* [Try it]:
Look below for the line containing "Transmeta Efficeon TM8820", then write out that line and every line after it to the end, exactly, minus the pictures.

* [Given information]:
------
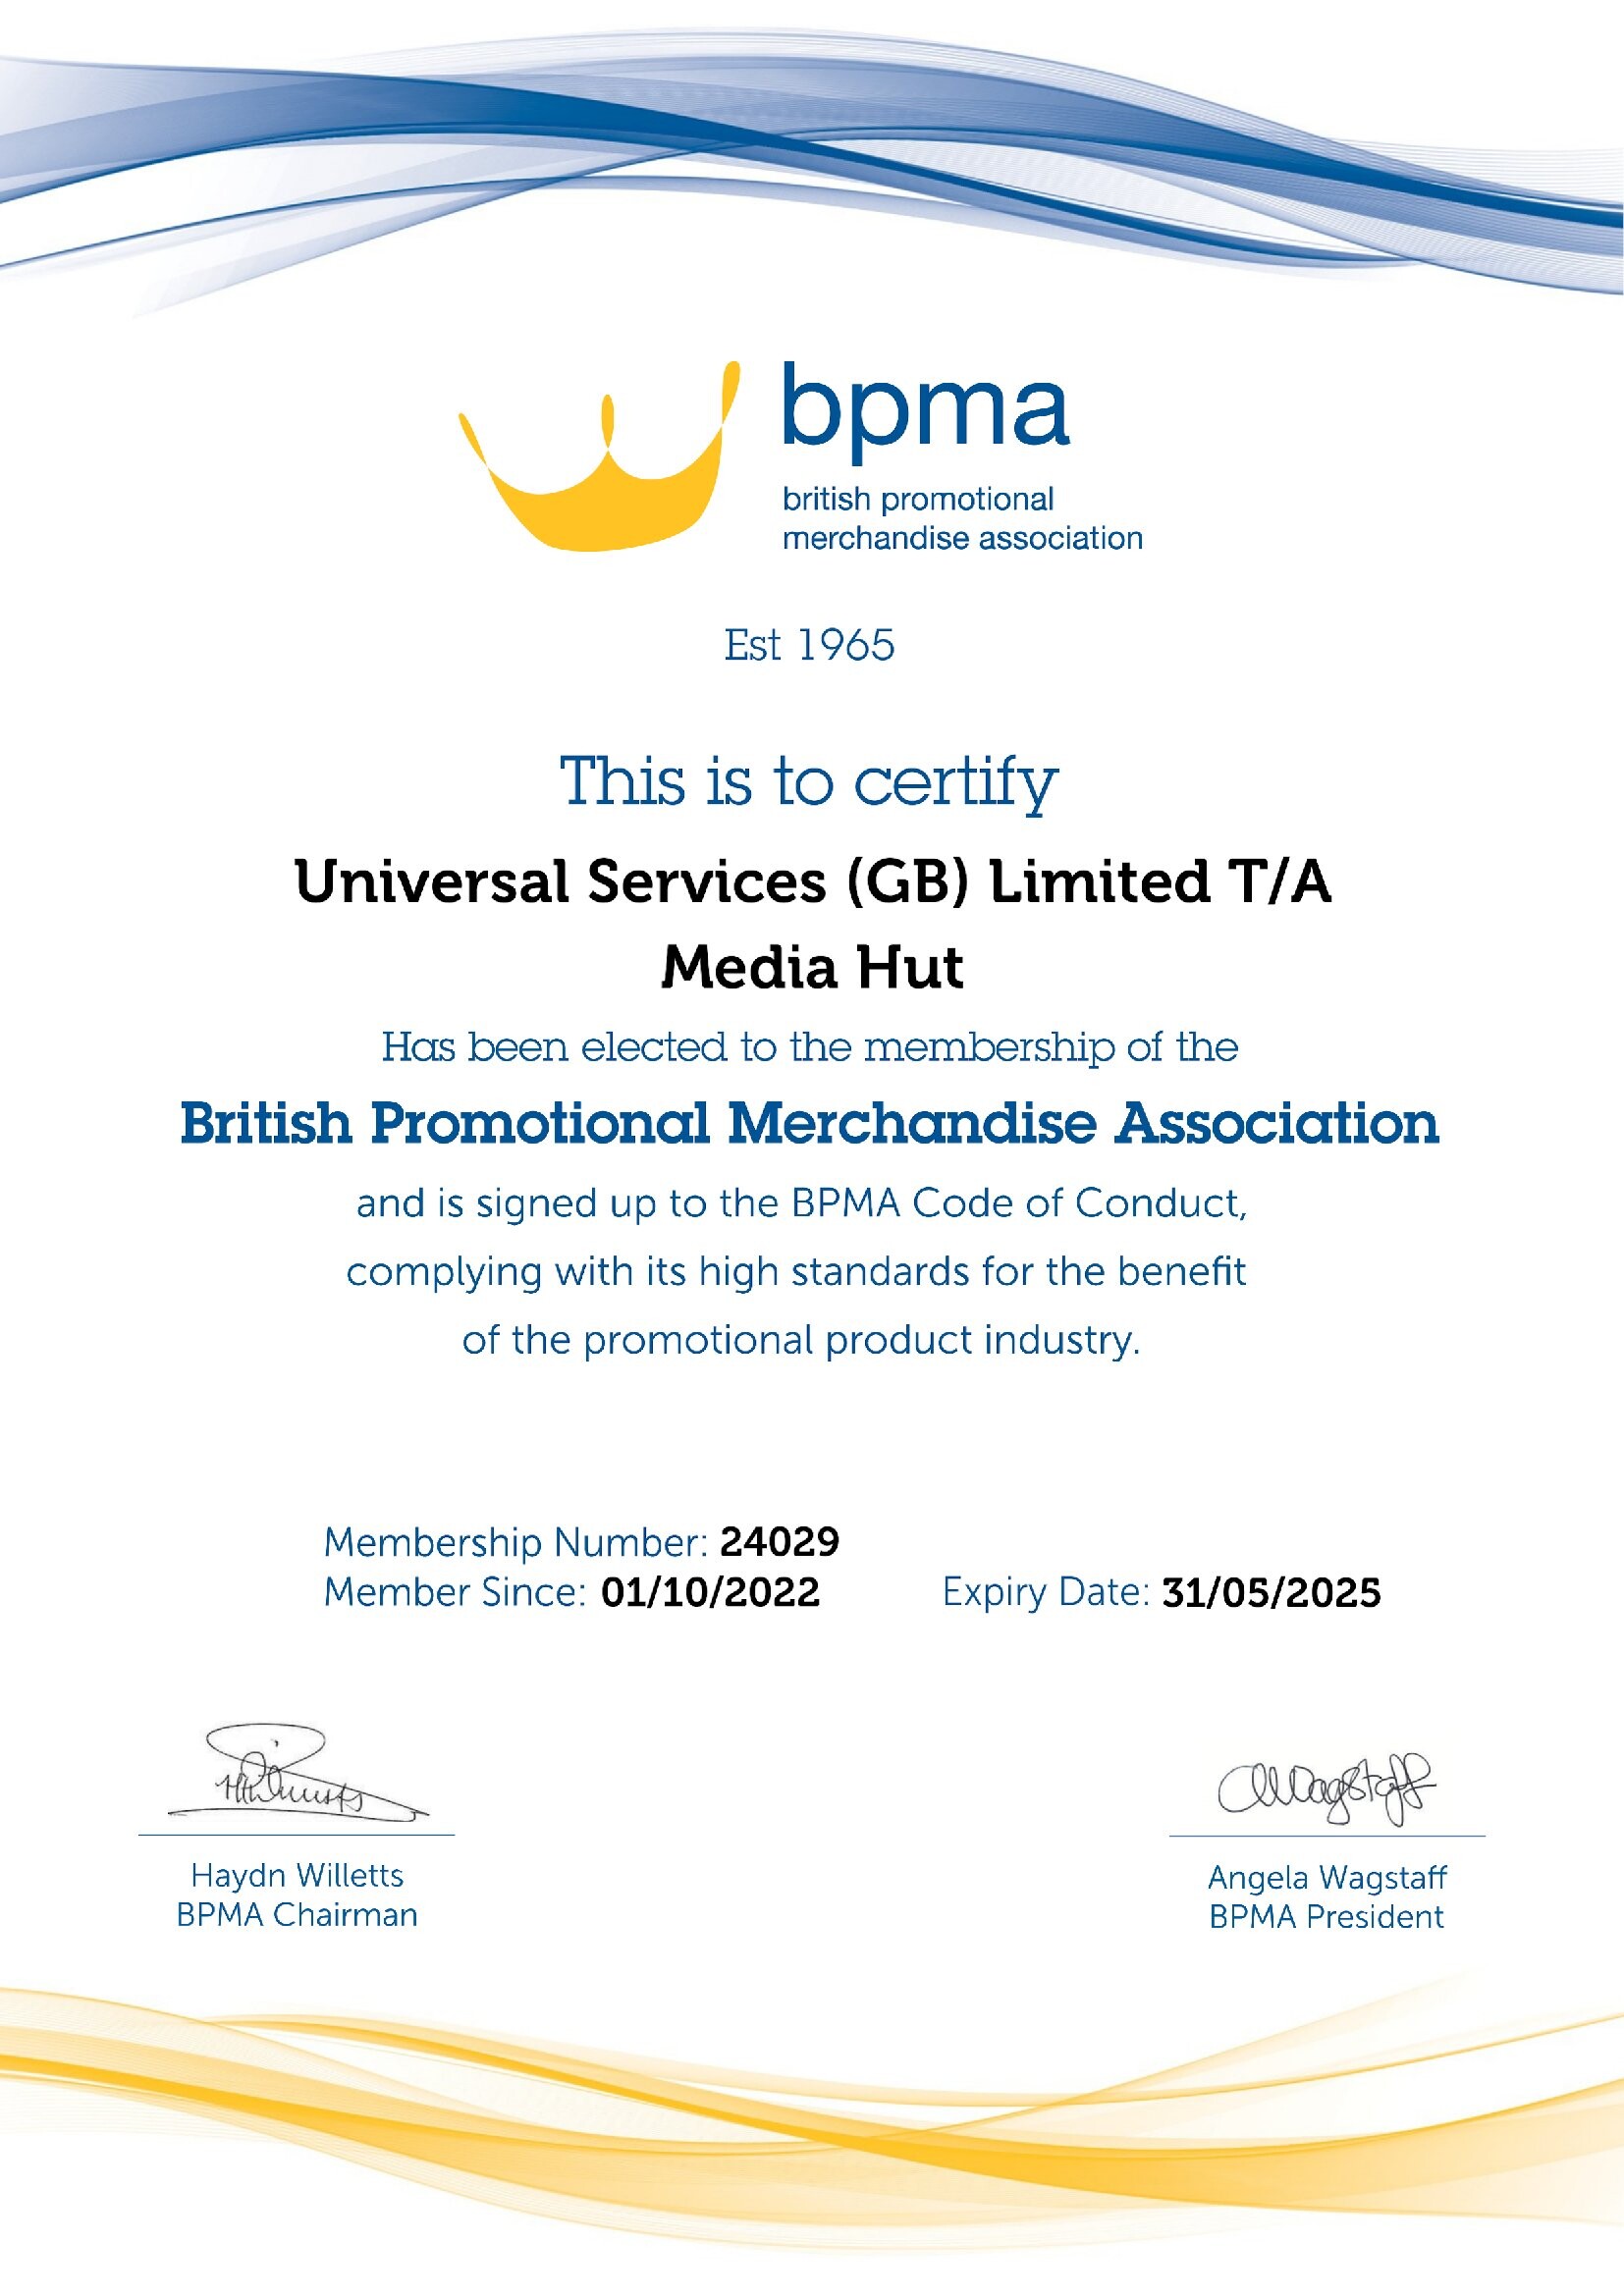 British Promotional Merchandise membership certificate
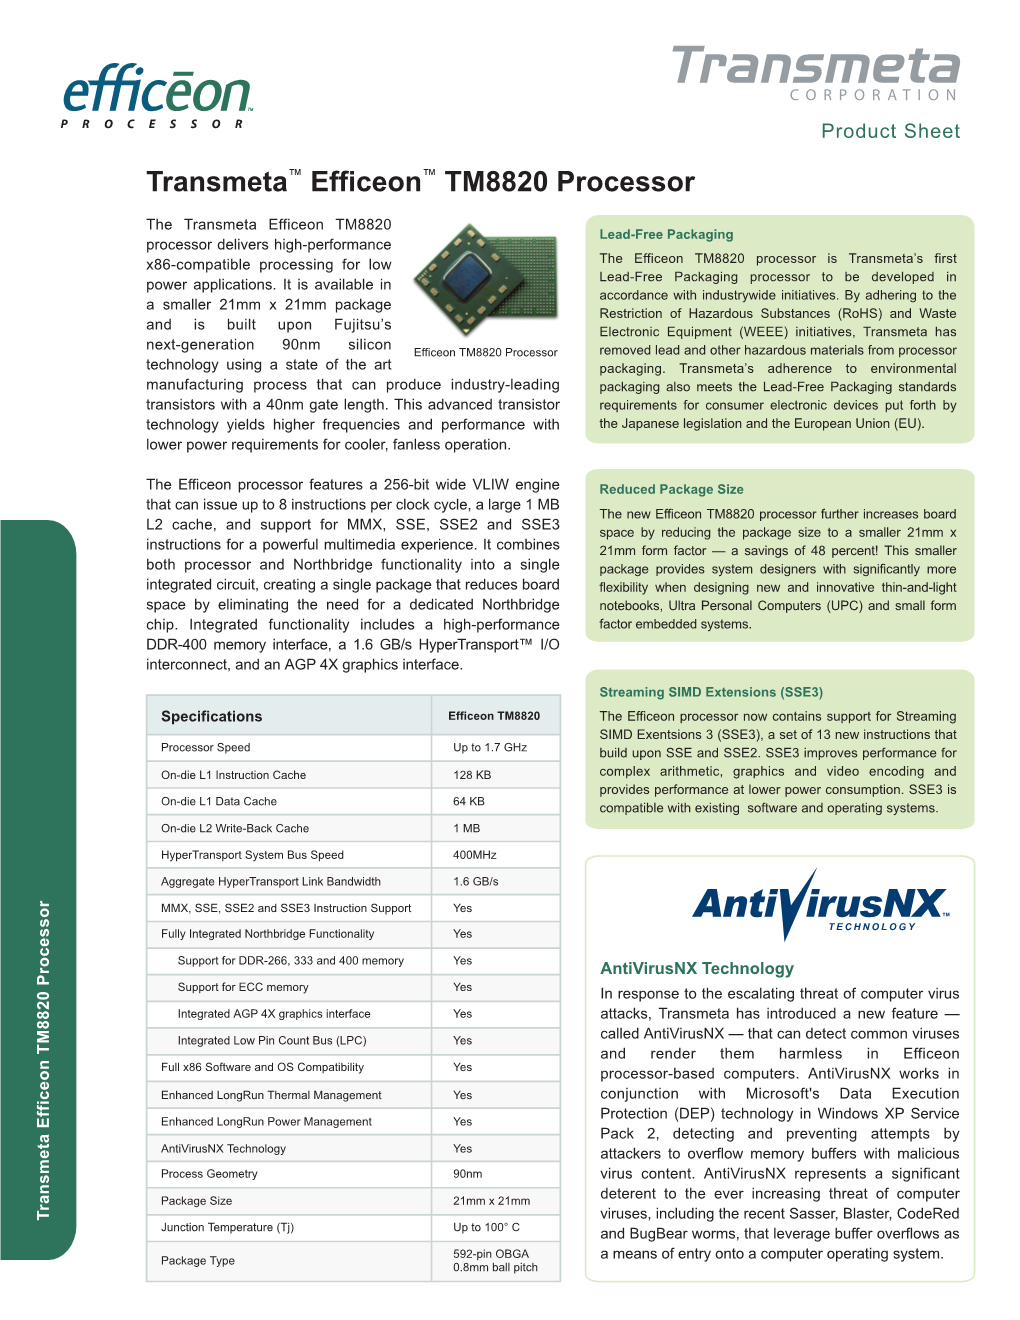 Transmeta Efficeon TM8820 Processor Interconnect, Andanagp 4Xgraphics Interface
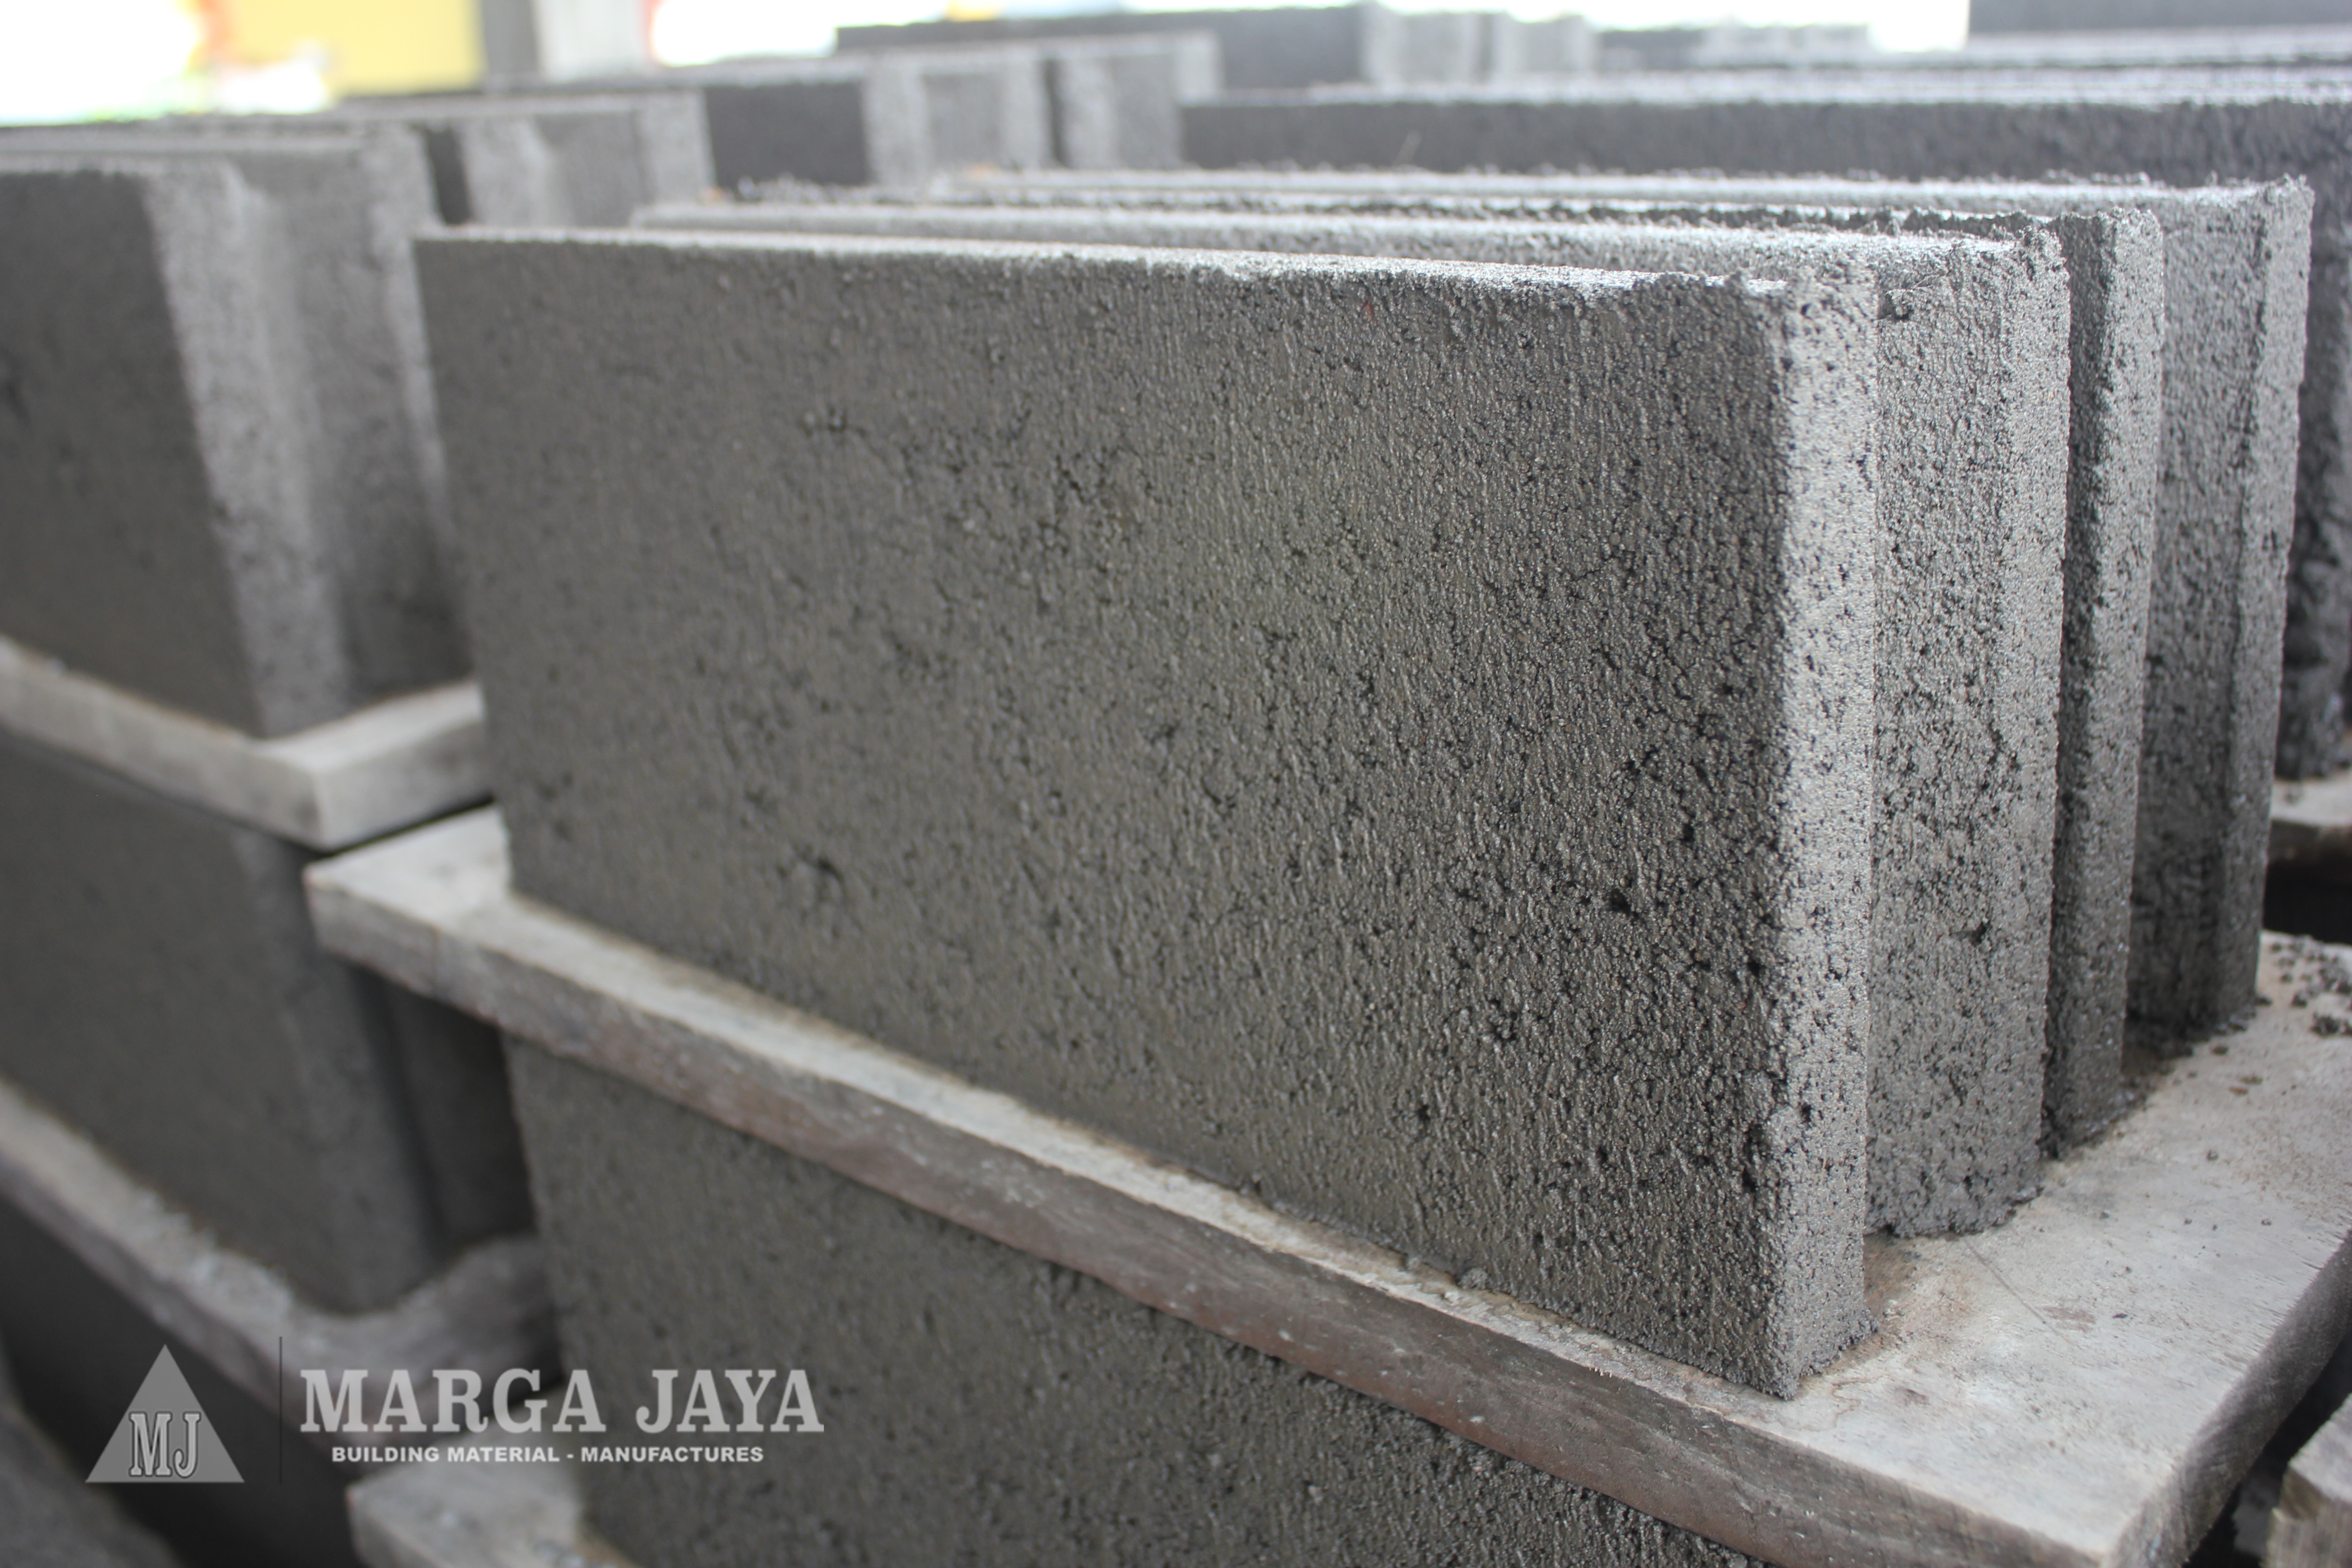 Batako Press  Marga Jaya - Building Material Manufactures
------
* [Solution to this problem]:
 Transmeta Efficeon TM8820 Processor Interconnect, Andanagp 4Xgraphics Interface
 Batako Press  Marga Jaya - Building Material Manufactures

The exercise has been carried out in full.